Planescape.. Ah.. ah..

Dünya gerçekten büyük bir yer
Biraz uzayan oyunların en büyük sorunlarından bir tanesi, oyuncuların karakterleri çok fazla hikaye geçirdiği için, artık ölmesinin çok zor olduğunu hissetmesidir. Bu keyfi azaltacağı gibi (ki iyi bir hikaye gerilimsiz olmaz diye kendimi tekrarlayayım) gerçekten güçlü, çatışma yaşanacak düşman çıkınca ve sıkı takım çalışması gerekince bir süredir bunu yapmadıkları ve çok güçlü olduklarını düşündükleri için karakter kaybı ile sonuçlanabiliyor. Bu yüzden oyuncular canlandırdıkları karakterlerinin hala bir canlı olduğunu hatırlamaları gerekiyor. Yani hala üşüyen, acıkan, canı sıkılan ve dünyada o karakteri terlemeden öldürebilecek çok tehlikeli bir sürü şeyin olduğunu hatırlamaları iyi bir hikaye için gerekli. Yoksa cidden süper kahraman çizgi romanları gibi oluruz. Yanlış anlaşılmasın, çizgi romanların kötü olduğunu düşündüğümden değil, sadece FRP hikayelerine göre çok kısa olmalarından dolayı doğru yönün bu olmadığını düşünüyorum. FRP hikayeleri kat ve kat ve kat uzundur.
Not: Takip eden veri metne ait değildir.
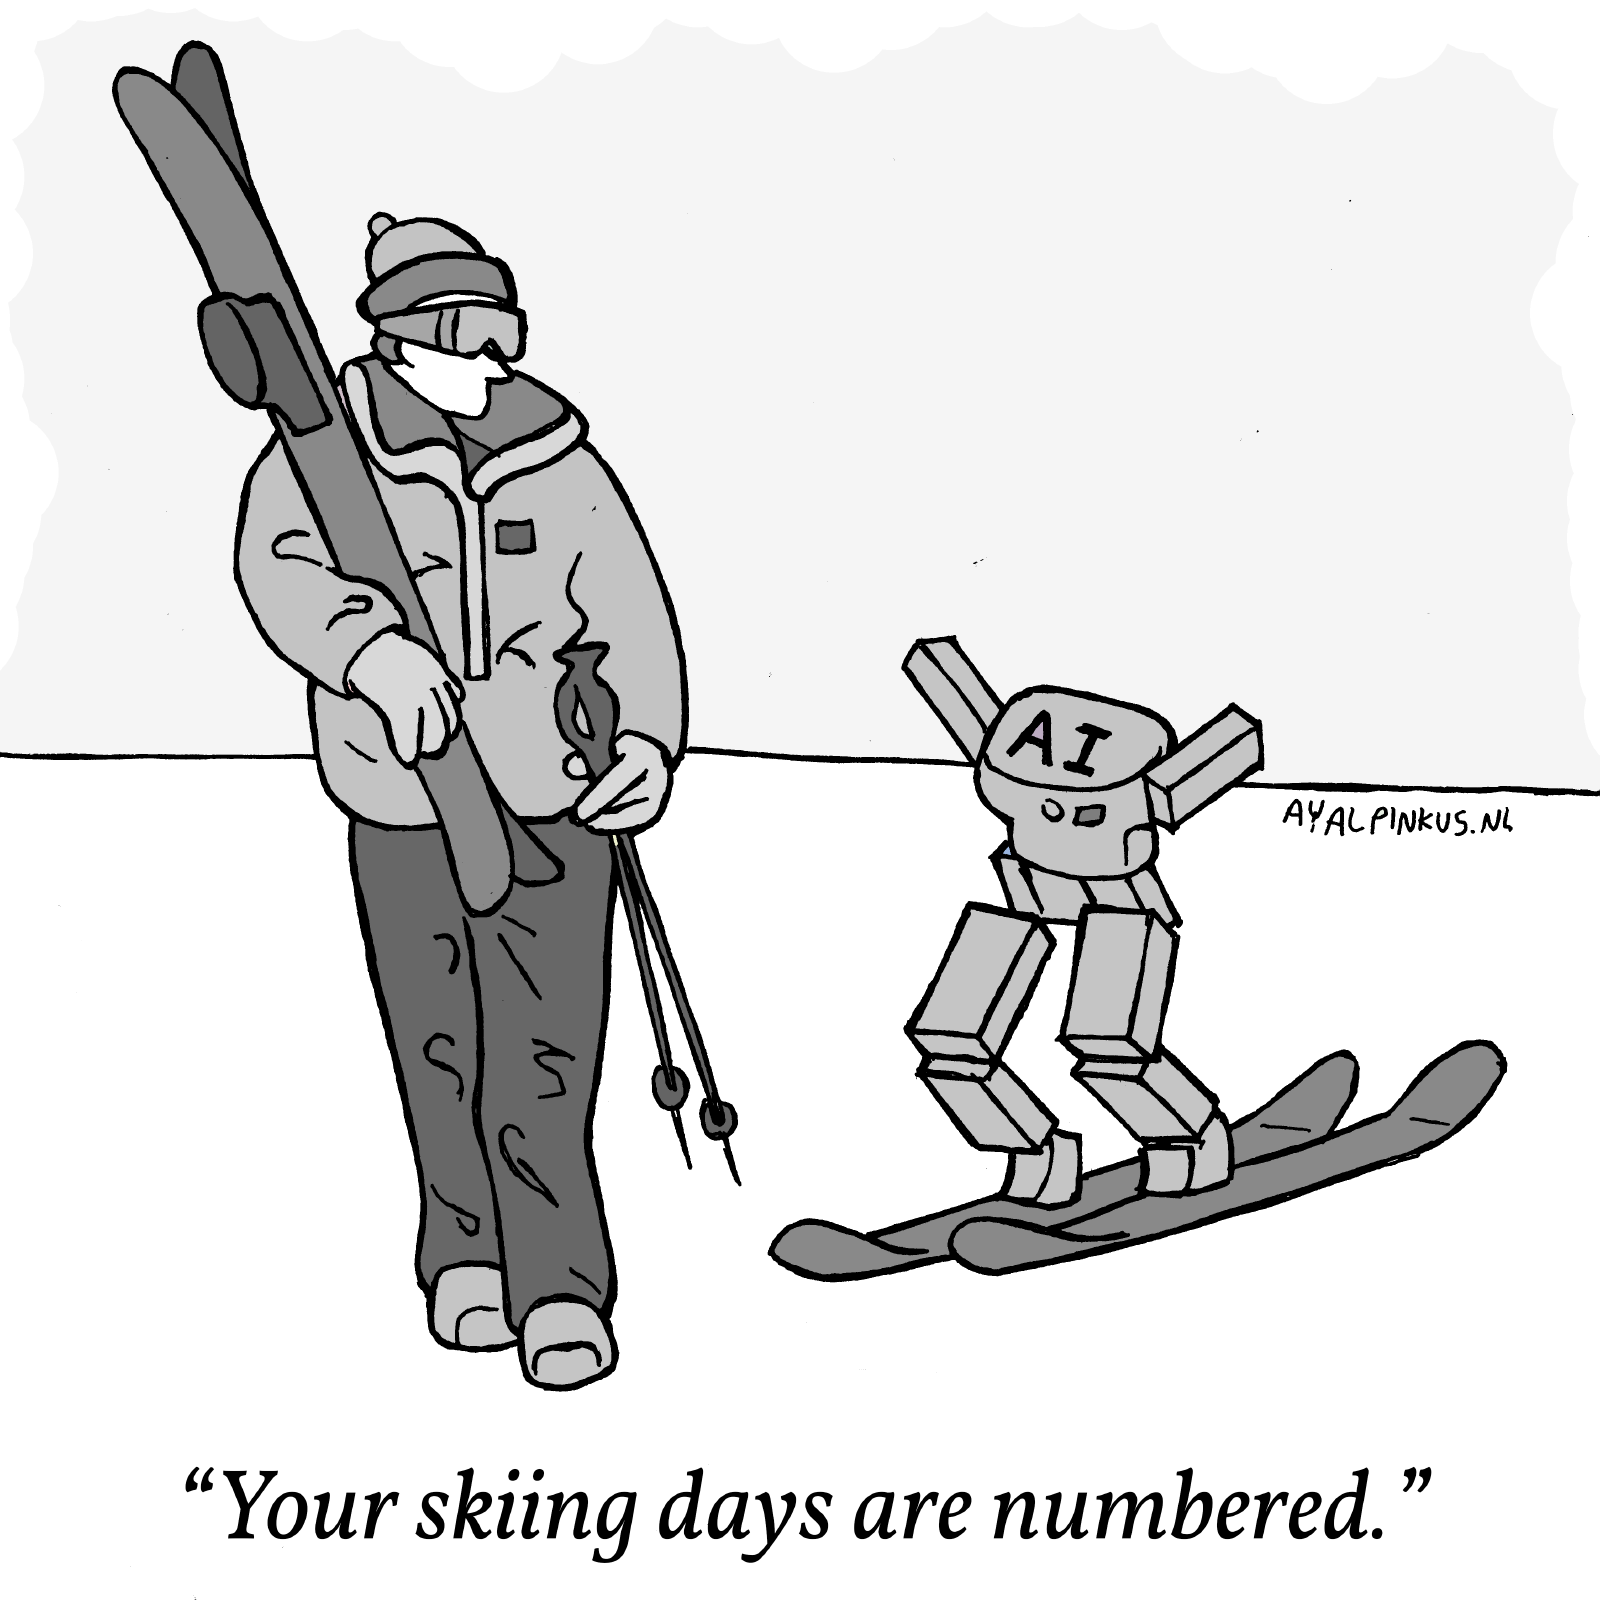 Ski-bot
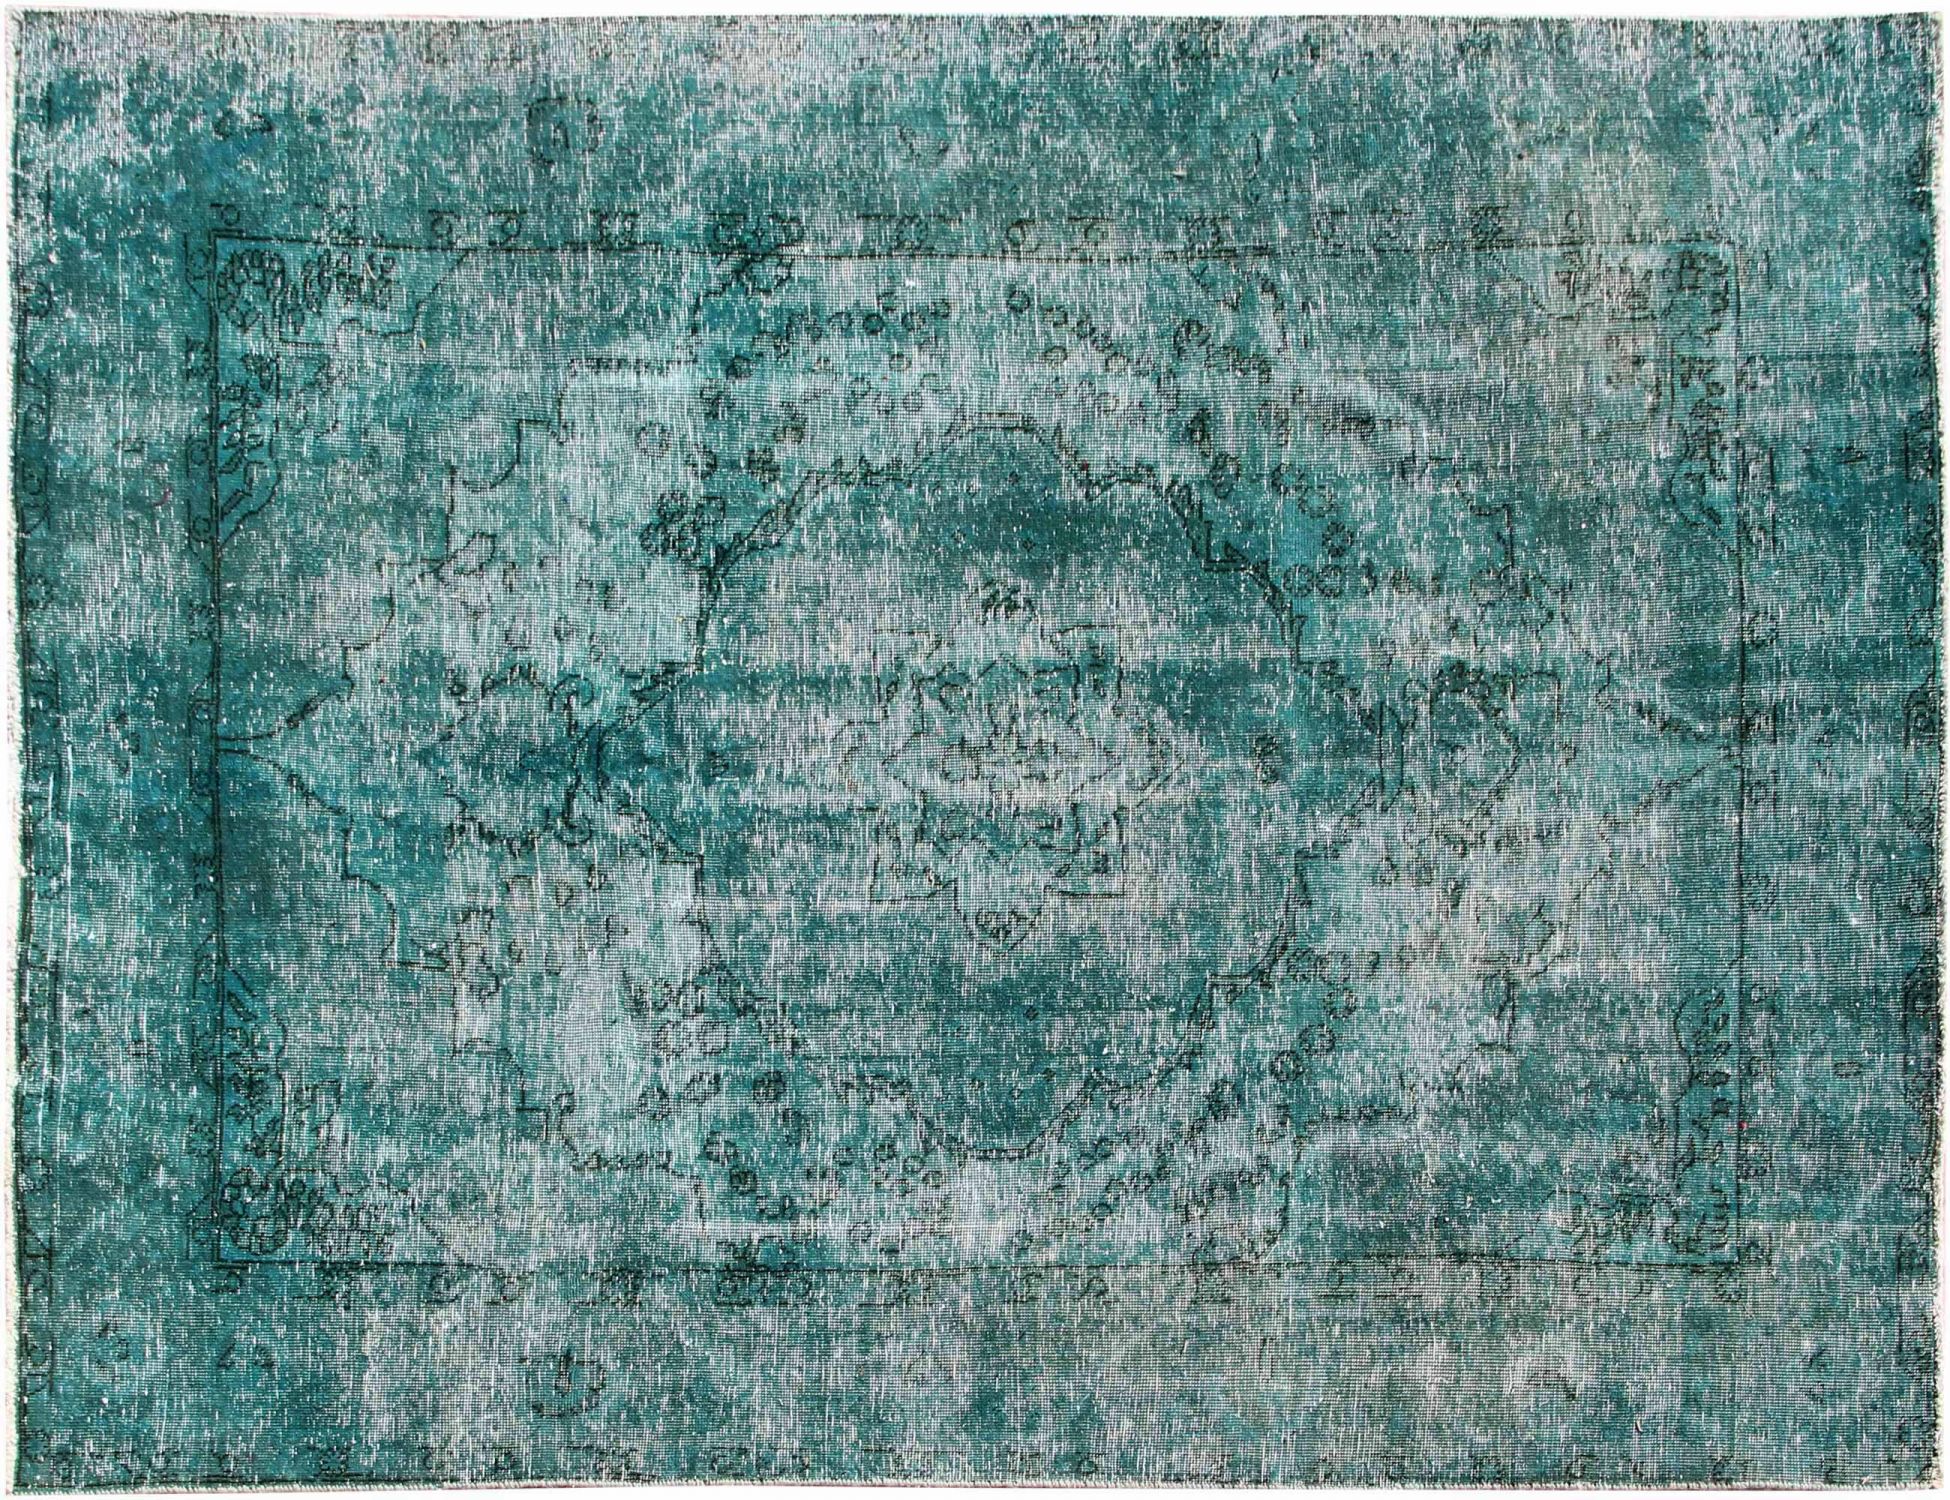 Persian Vintage Carpet  turkoise  <br/>280 x 200 cm

Fasikül fasikül çizgi roman olsa olsa birkaç oyunluk hikaye sahnesi çıkartır. O yüzden çizgi roman hikayeleri FRP’ye göre daha yüzeyseldir ve karakterler öyle çok da derin değildir. Eğlenceleri orada biraz da.

Dünya bir sahne ve tek oyuncu benim!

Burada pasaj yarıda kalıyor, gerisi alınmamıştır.